_Brief_
Output a character-exact copy of the data, images removed.

_Given information_

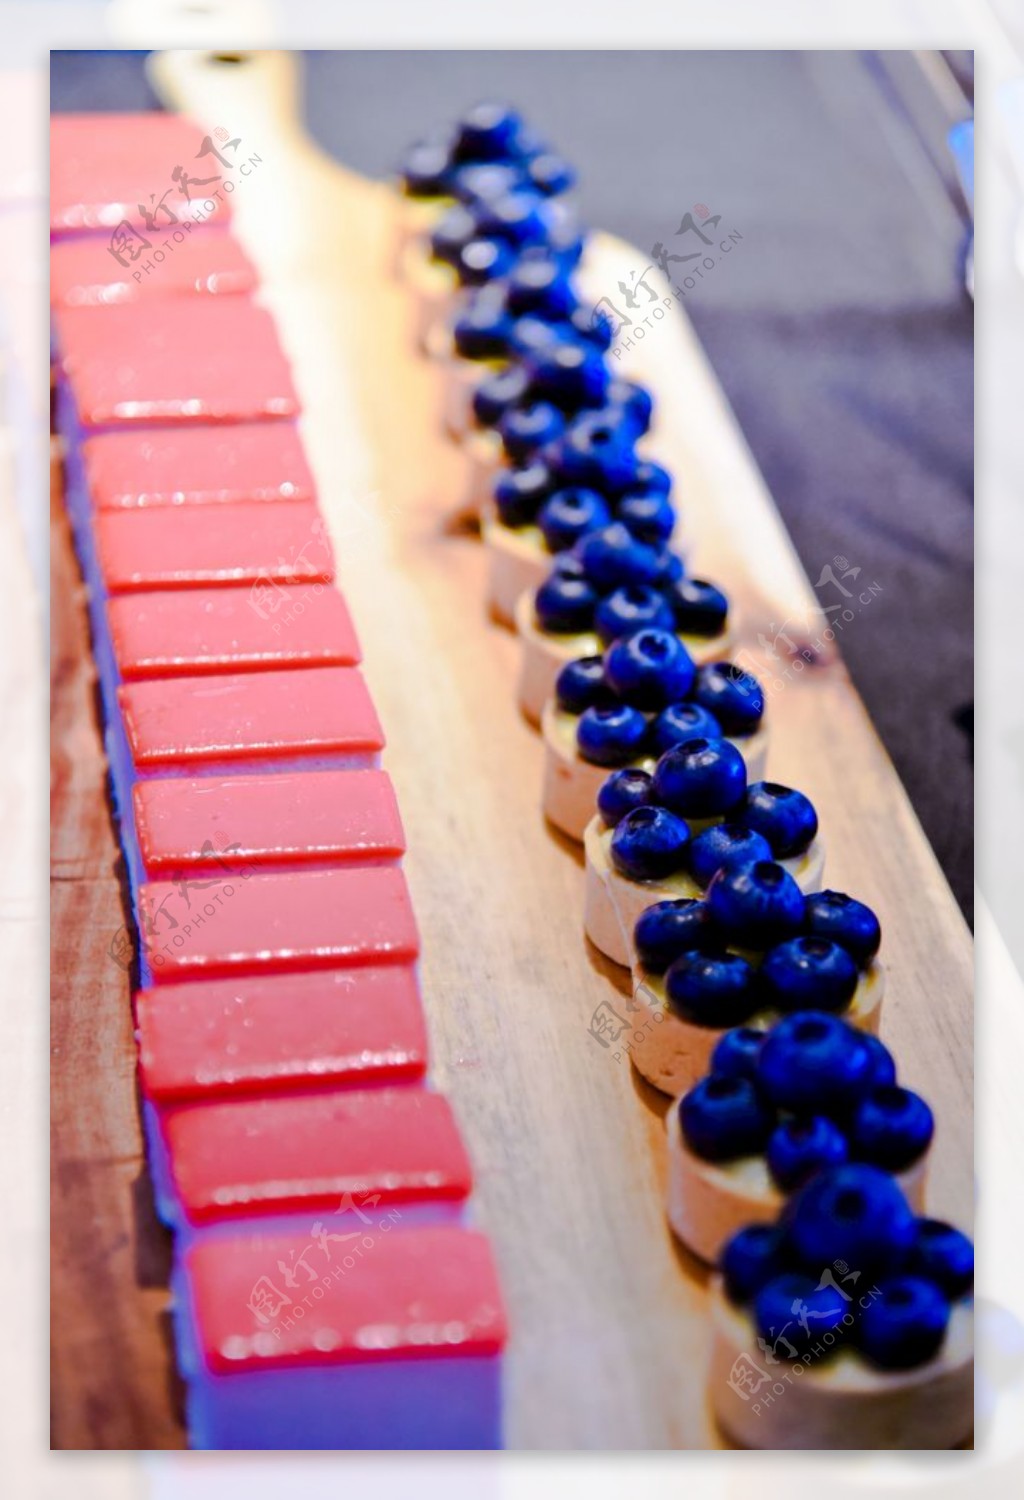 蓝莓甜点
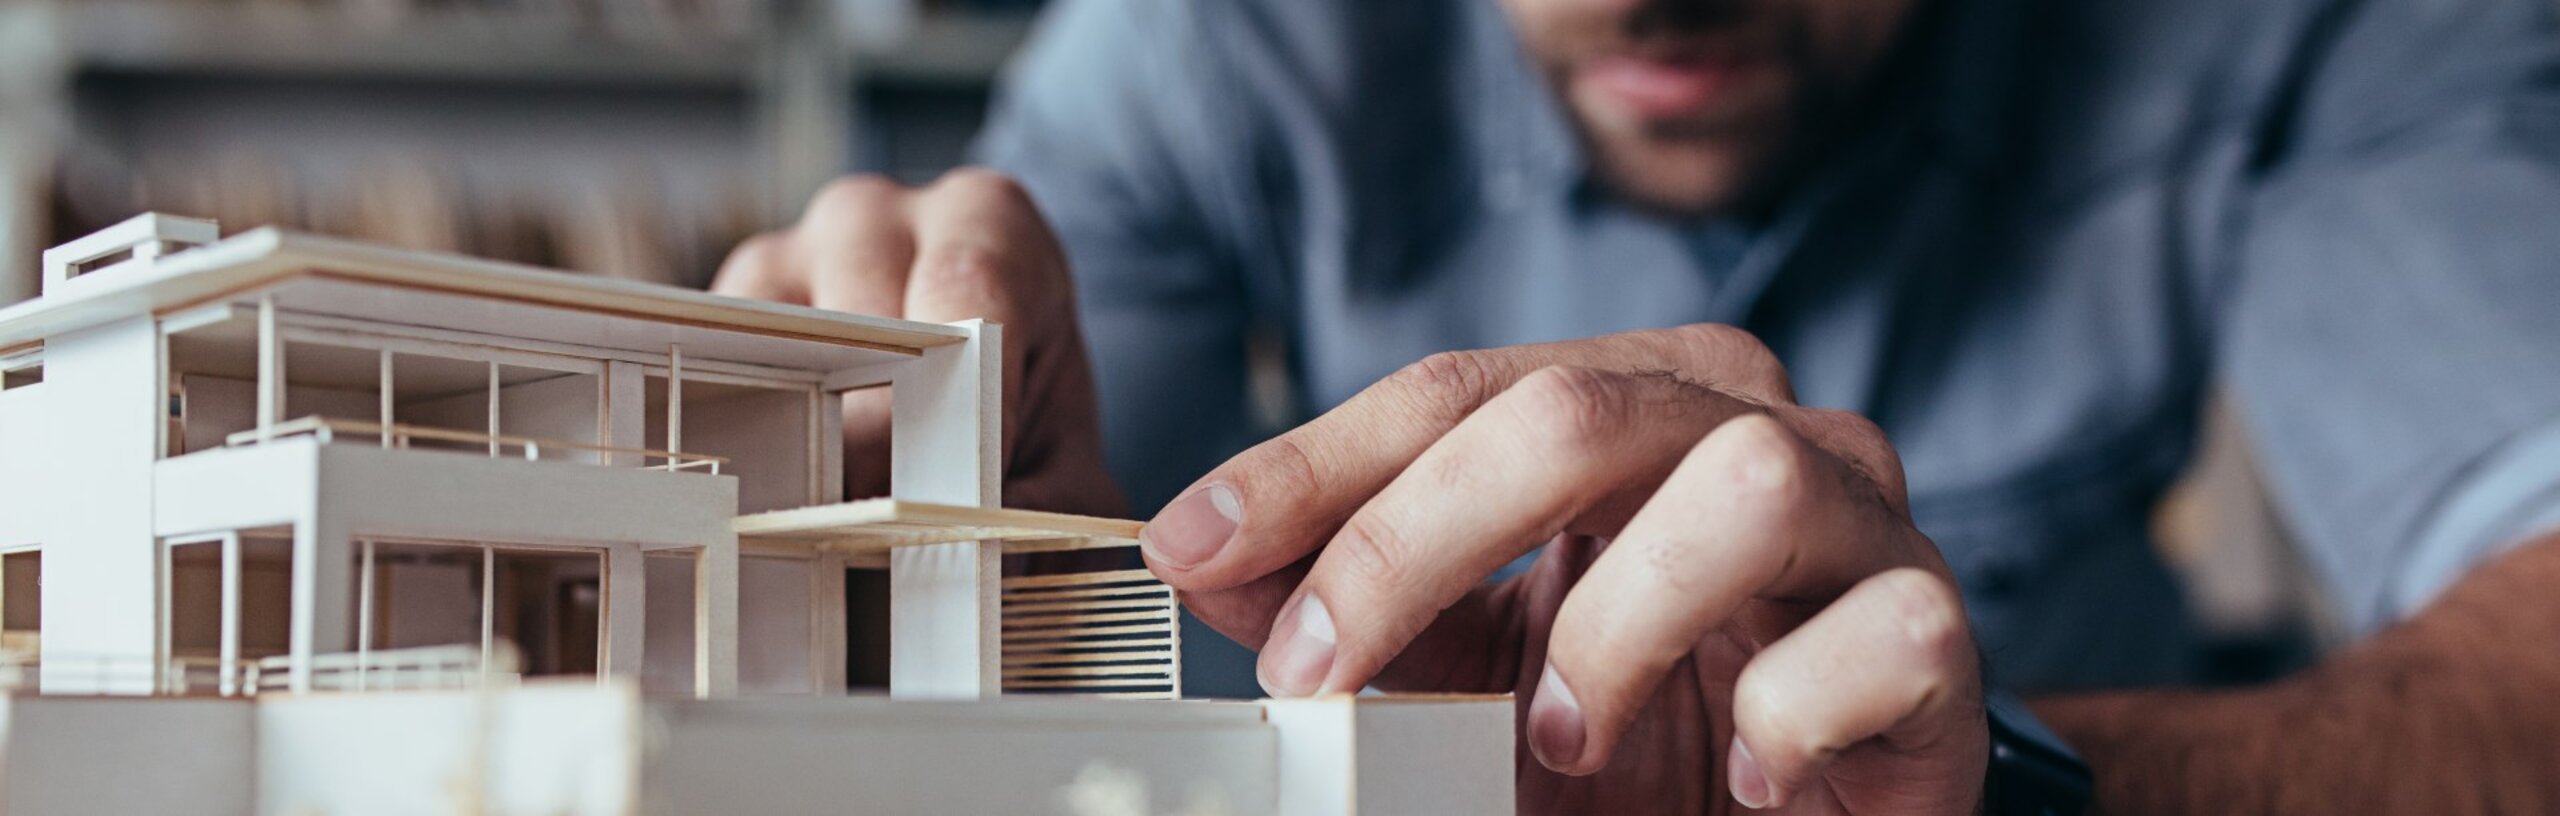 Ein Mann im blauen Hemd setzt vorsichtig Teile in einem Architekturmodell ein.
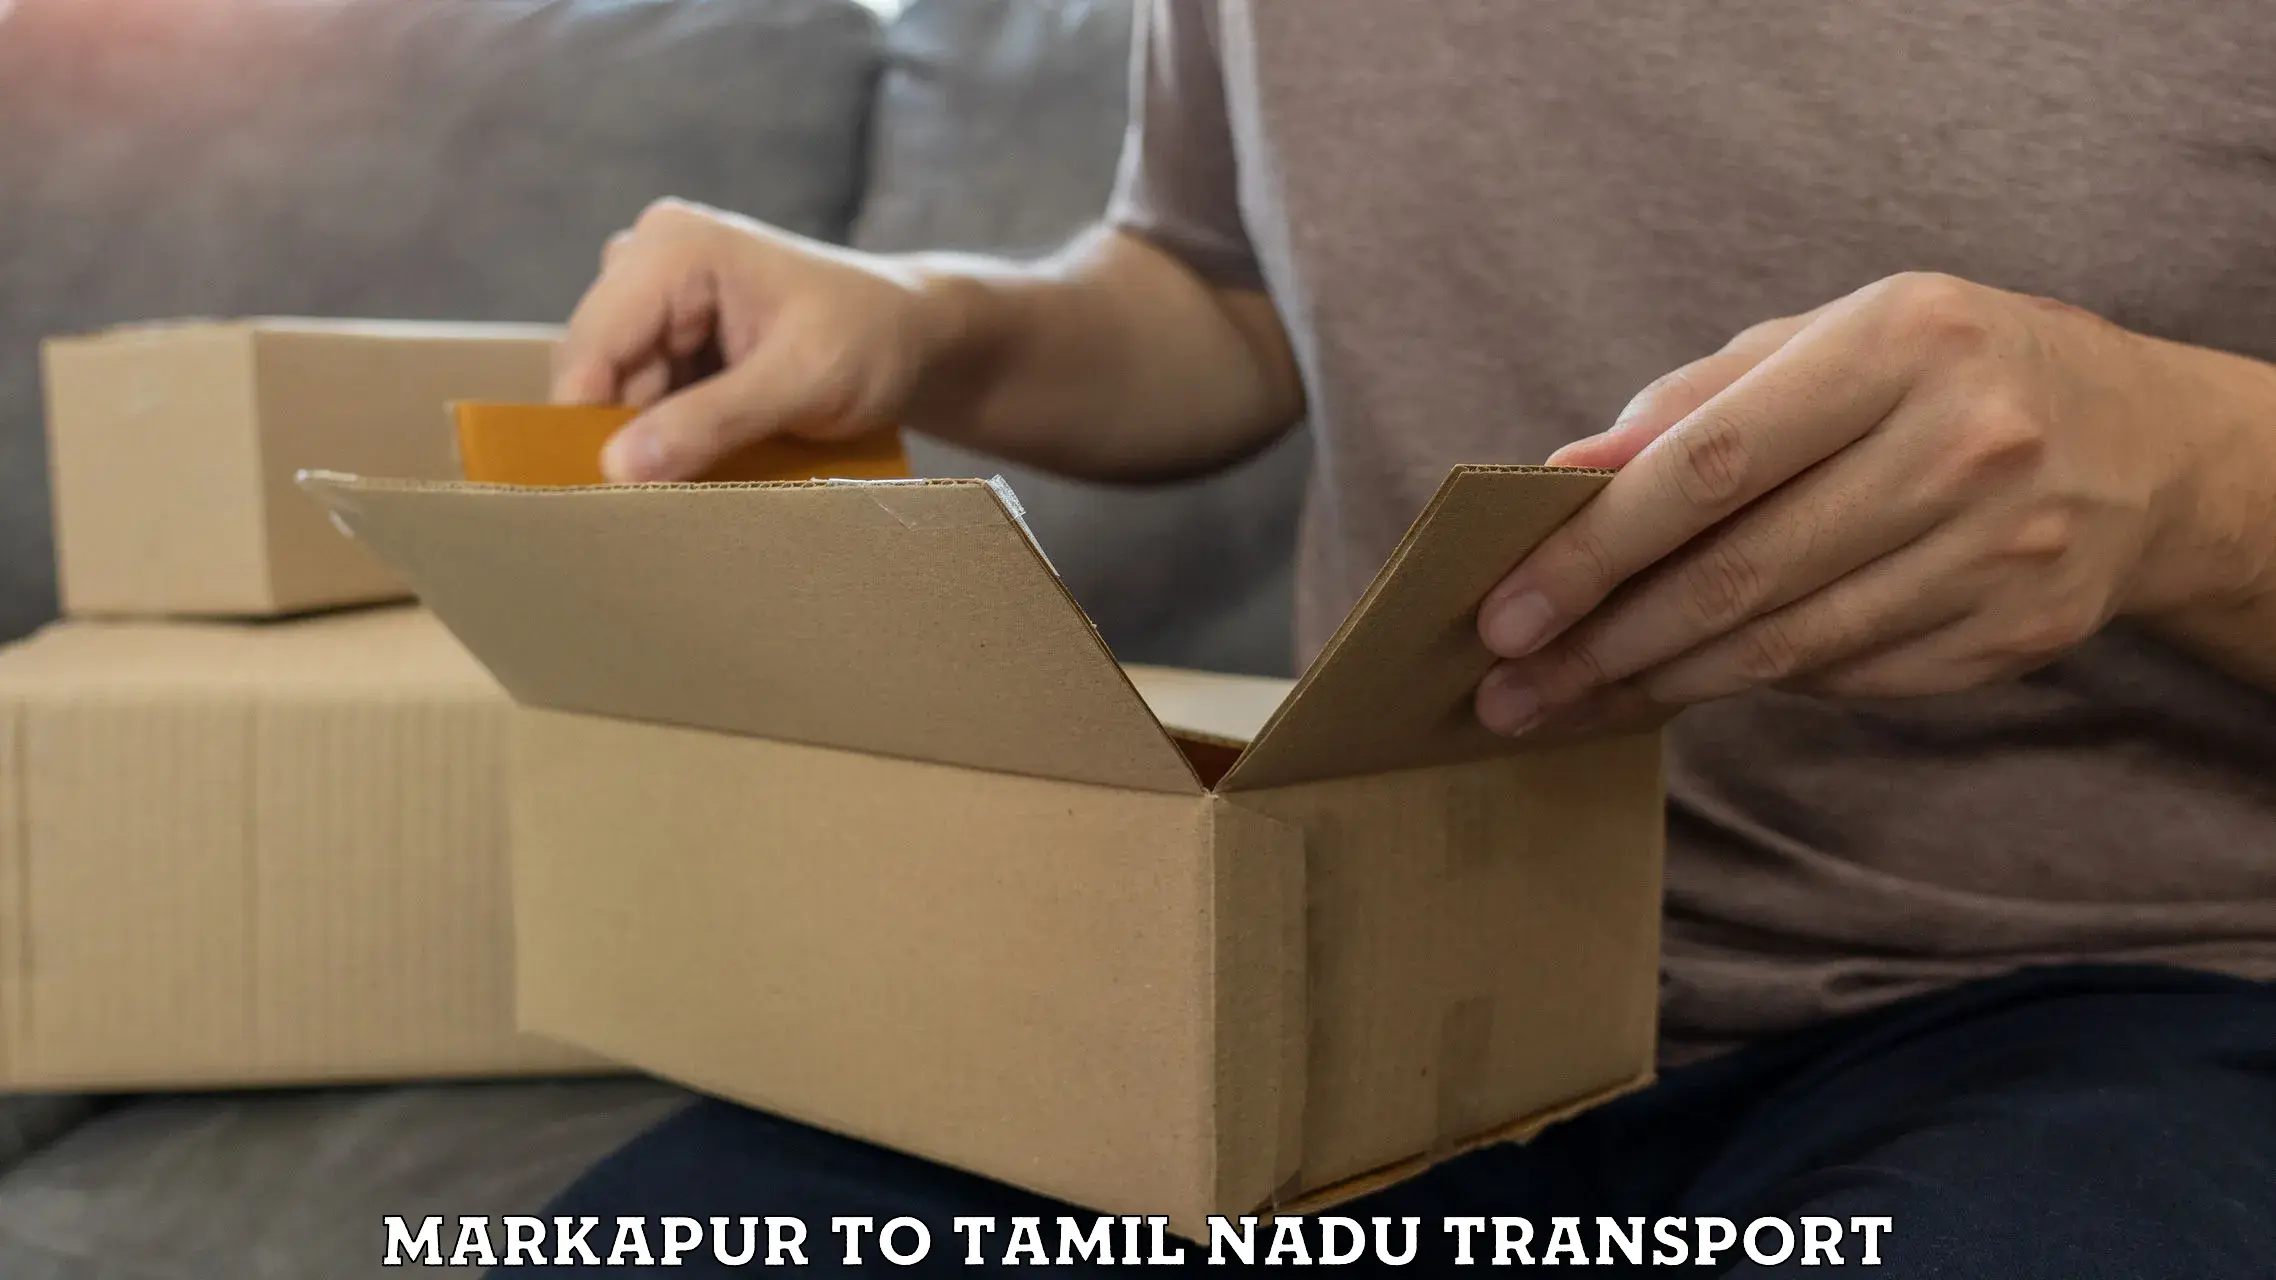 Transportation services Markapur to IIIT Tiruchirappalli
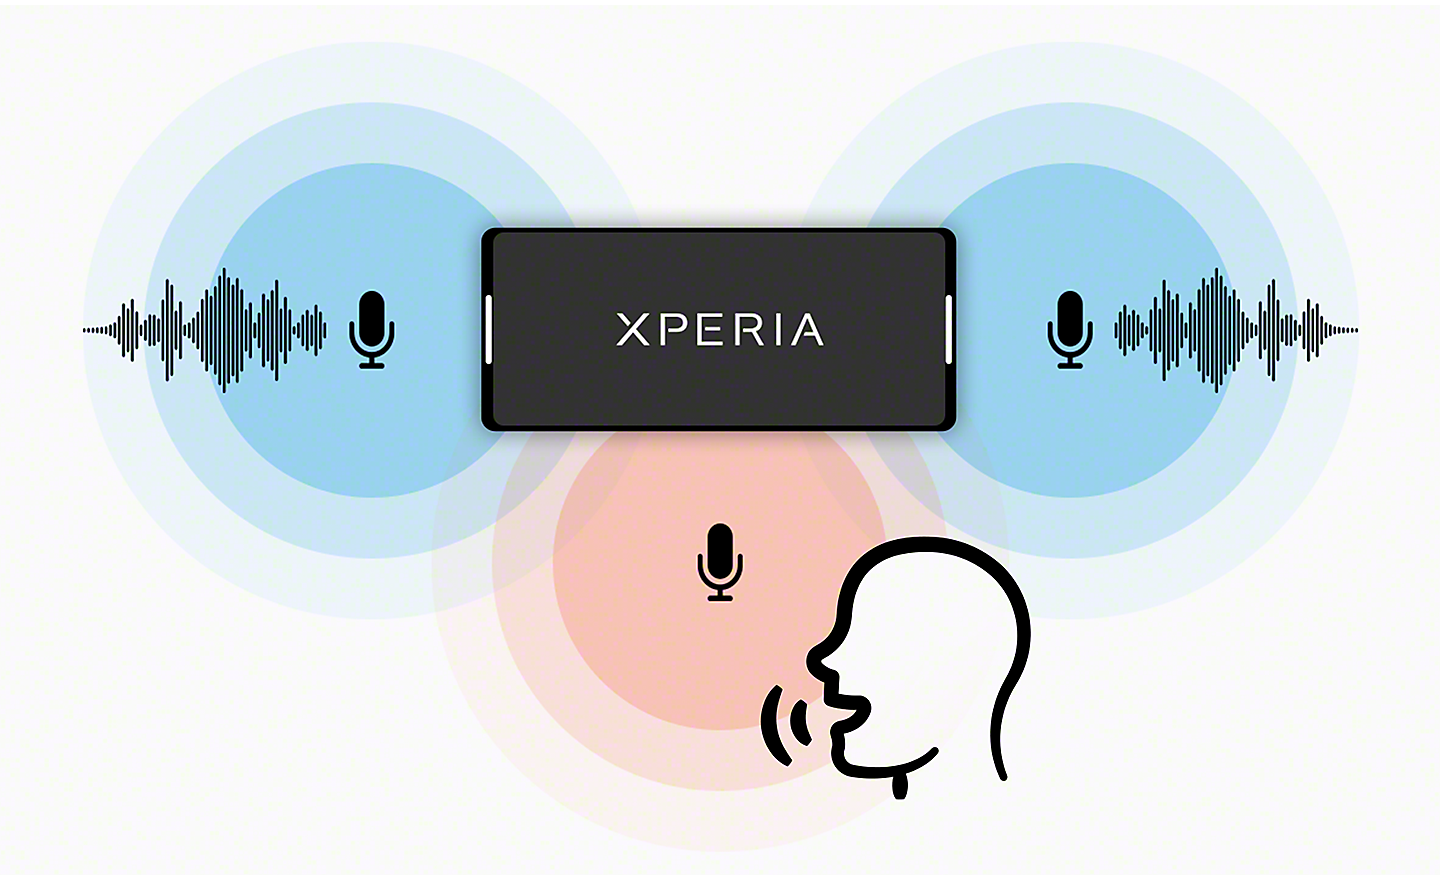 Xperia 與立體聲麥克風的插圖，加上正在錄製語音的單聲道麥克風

_Task response_
 蓝莓甜点
 Ein Mann im blauen Hemd setzt vorsichtig Teile in einem Architekturmodell ein.
 Transportation services Markapur to IIIT Tiruchirappalli
 Xperia 與立體聲麥克風的插圖，加上正在錄製語音的單聲道麥克風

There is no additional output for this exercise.